EXERCISE MATERIAL -
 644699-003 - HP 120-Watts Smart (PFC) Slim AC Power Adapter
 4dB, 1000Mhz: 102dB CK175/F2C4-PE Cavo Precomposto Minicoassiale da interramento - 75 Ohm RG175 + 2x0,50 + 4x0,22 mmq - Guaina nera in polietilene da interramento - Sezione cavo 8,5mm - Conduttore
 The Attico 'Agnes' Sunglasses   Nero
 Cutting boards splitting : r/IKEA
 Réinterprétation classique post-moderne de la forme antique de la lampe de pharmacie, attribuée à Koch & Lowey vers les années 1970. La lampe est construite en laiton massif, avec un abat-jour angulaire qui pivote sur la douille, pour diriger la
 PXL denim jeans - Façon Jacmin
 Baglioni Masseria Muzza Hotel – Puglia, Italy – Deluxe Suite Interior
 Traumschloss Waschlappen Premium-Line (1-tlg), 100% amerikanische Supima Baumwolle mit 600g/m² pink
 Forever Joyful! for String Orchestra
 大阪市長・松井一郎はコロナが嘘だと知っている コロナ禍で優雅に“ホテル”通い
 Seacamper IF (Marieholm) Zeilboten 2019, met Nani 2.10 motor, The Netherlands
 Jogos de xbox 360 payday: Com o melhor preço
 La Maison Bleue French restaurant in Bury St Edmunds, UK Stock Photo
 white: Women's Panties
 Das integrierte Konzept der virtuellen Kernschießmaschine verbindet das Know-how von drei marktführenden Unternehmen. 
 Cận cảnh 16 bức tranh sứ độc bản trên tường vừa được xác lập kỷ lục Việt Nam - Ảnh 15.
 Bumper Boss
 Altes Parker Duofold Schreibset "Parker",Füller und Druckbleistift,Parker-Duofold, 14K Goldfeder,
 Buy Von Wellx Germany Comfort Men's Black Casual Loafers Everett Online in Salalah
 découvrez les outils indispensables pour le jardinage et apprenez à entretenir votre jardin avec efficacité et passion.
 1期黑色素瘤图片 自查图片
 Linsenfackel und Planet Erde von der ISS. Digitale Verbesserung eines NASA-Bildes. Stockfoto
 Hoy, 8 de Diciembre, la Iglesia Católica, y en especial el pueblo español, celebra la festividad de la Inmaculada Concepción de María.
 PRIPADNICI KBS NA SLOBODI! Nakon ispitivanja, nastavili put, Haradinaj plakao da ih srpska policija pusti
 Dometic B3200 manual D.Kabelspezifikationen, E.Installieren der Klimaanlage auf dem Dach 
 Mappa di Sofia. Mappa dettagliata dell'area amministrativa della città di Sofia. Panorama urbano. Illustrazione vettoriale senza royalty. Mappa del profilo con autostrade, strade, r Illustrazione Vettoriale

WORK TO BE COMPLETED -
Copy out, from the listing above, every line that contains the word "pour".

SOLUTION TO THE PROBLEM -
 Réinterprétation classique post-moderne de la forme antique de la lampe de pharmacie, attribuée à Koch & Lowey vers les années 1970. La lampe est construite en laiton massif, avec un abat-jour angulaire qui pivote sur la douille, pour diriger la
 découvrez les outils indispensables pour le jardinage et apprenez à entretenir votre jardin avec efficacité et passion.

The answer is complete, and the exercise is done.